Interval Merge Pattern
Sort intervals by start time, then iterate and merge overlapping intervals by extending the end of the current interval when the next interval's start ≤ current end.
Interval merge = stacking TV show recordings on a timeline. Sort by start time, then swallow any show that overlaps with the current block. Two shows overlap if one starts before the other ends.
Sort by start: O(n log n). Merge pass: O(n). Total O(n log n). Two intervals [a,b] and [c,d] overlap if c ≤ b (c starts before b ends). Merge to [a, max(b,d)]. Common variations: insert interval (binary search for insertion point, merge with neighbors), non-overlapping intervals (greedy: keep interval with smallest end to maximize room for others — equivalent to activity selection), meeting rooms (count max overlapping intervals at any point).

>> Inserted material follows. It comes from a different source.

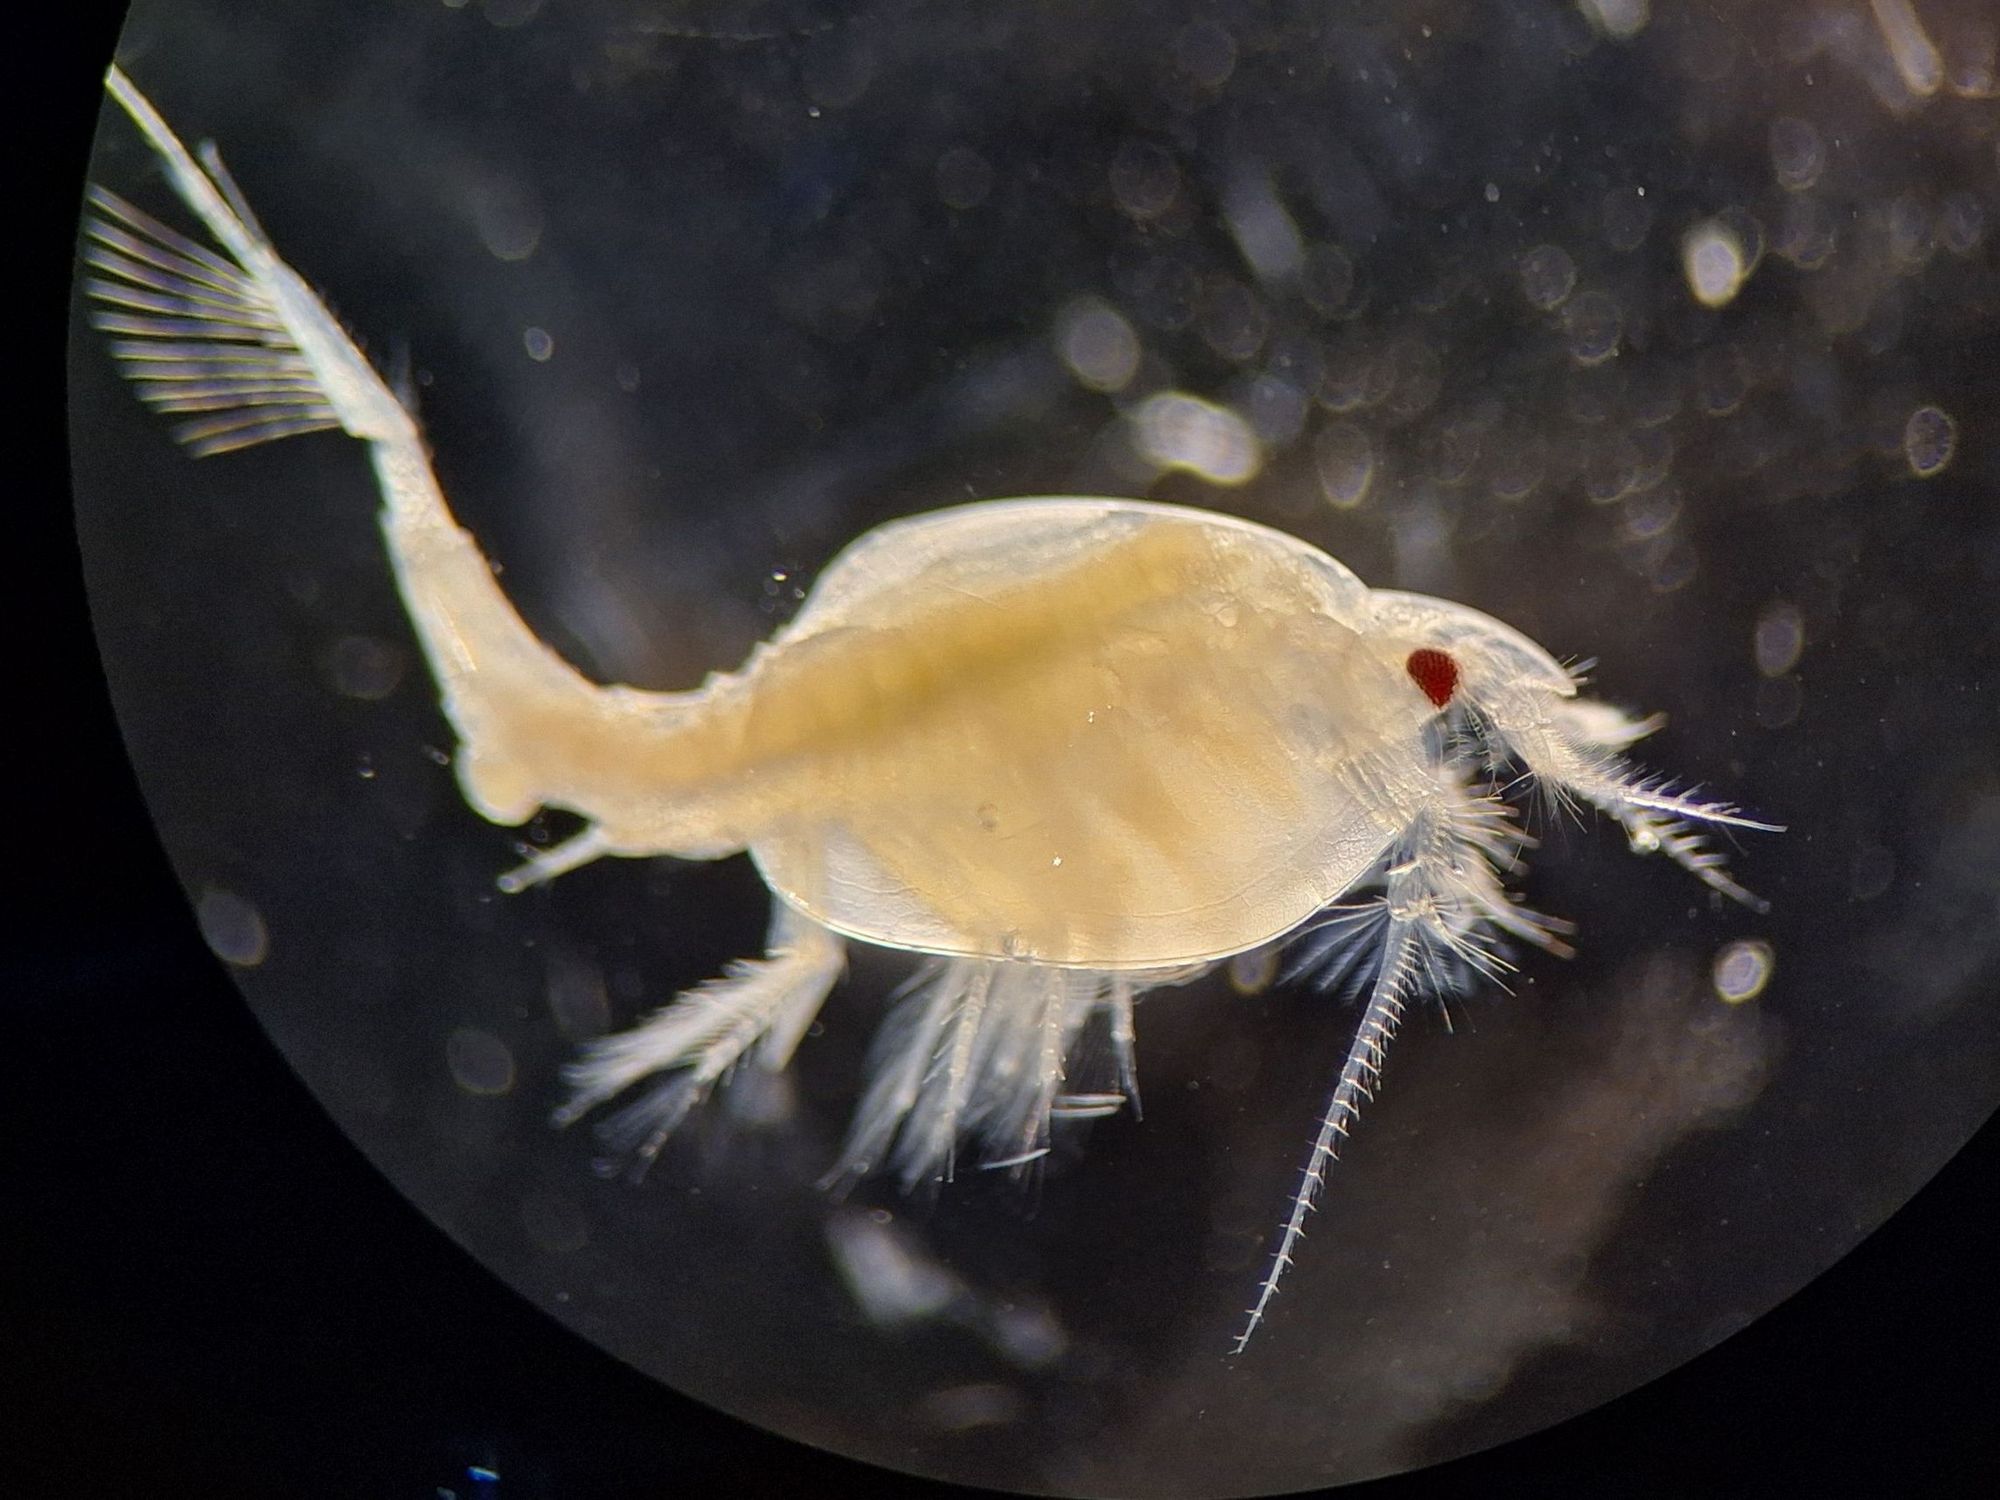 Der Kleinkrebs Nebalia bipes unter dem Mikroskop.
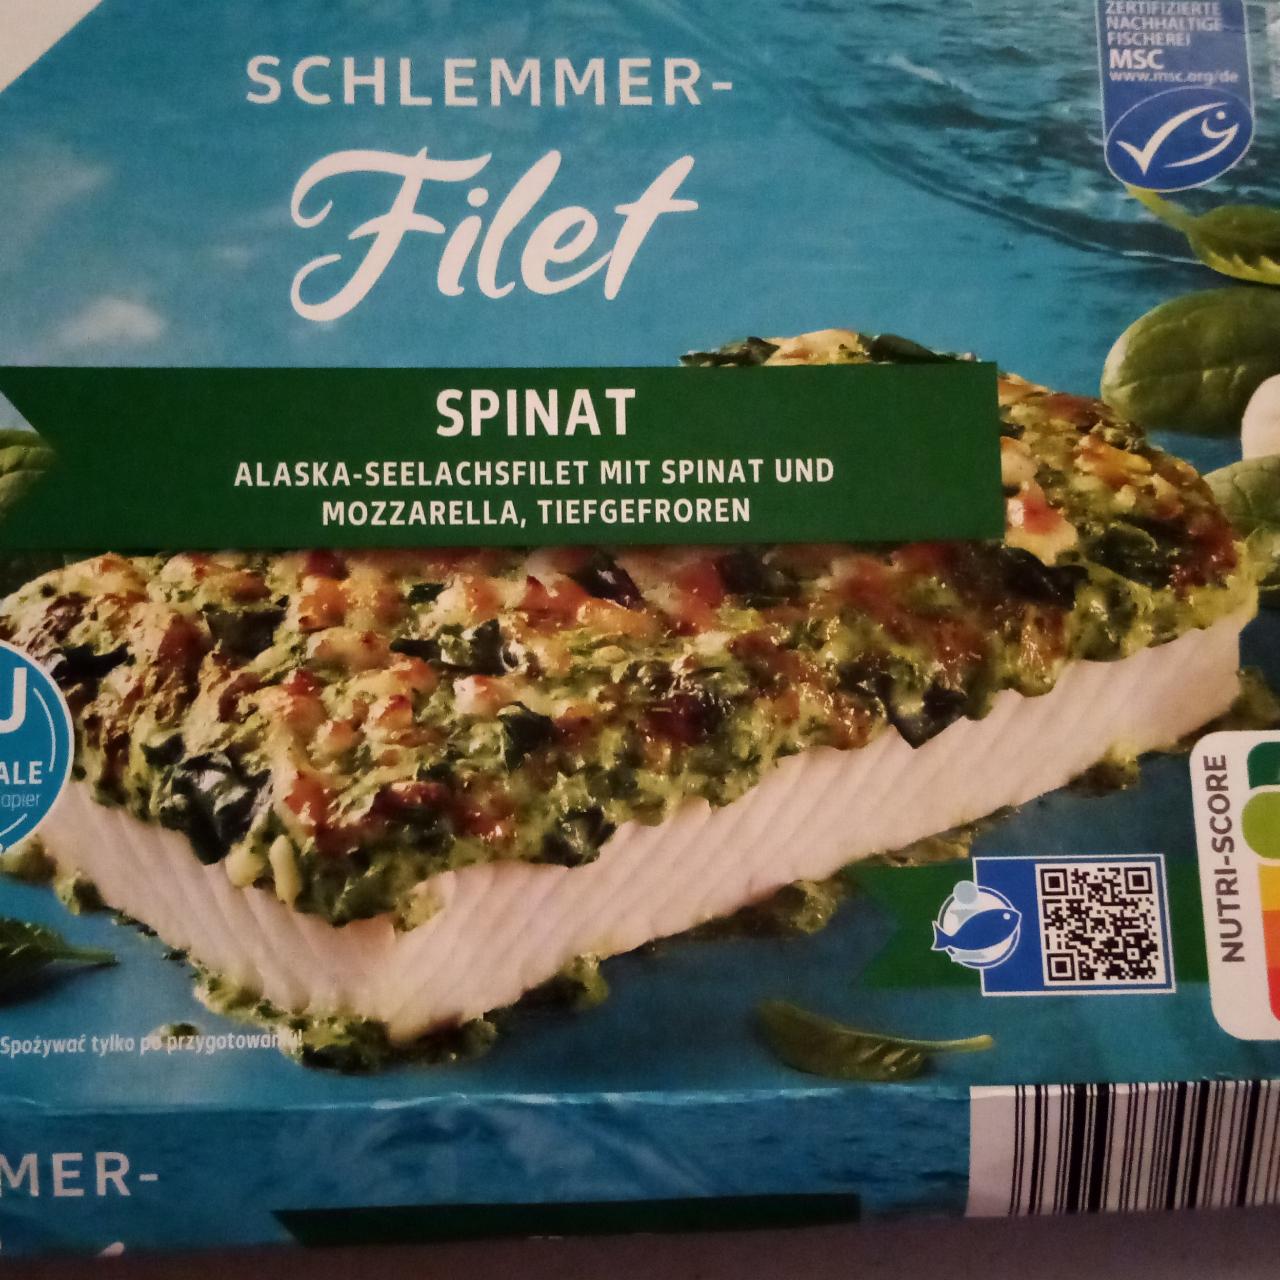 Fotografie - Schlemmer Filet Spinat Alaska - seelachsfilet mit spinat und mozzarella, tiefgefroren K-Classic

Meeting rooms II (minimum meeting rooms): use a min-heap of end times. Sort by start time. For each meeting, if the earliest-ending meeting is already done (heap top ≤ current start), reuse that room. Otherwise add a new room. Heap size at end = minimum rooms needed. O(n log n). Equivalent to: sweep line on start/end events, count concurrent events. Interval DP: dp[i][j] = min cost to solve the subproblem on interval [i,j] — used for matrix chain multiplication, burst balloons, stone merge. The state space is O(n²) and transitions are O(n) → total O(n³).
Interval problems almost always start with sorting by start time. Once sorted, the merge pass is a single O(n) scan. For insert interval, I binary search for the right position and then merge with adjacent overlaps. For minimum meeting rooms, I switch to a heap of end times — greedily reuse the room that frees up soonest. The key invariant to check is whether overlap is strict (c < b) or non-strict (c <= b) — it depends on whether [1,3] and [3,5] are considered overlapping in the problem.
Forgetting to sort intervals before merging makes the algorithm incorrect — the merge assumes intervals are in order. Also: the merge condition is c ≤ current_end (not c < current_end) for non-strict overlap. If two intervals share only a boundary point (e.g., [1,3] and [3,5]) and the problem says they should NOT be merged, use strict inequality c < b.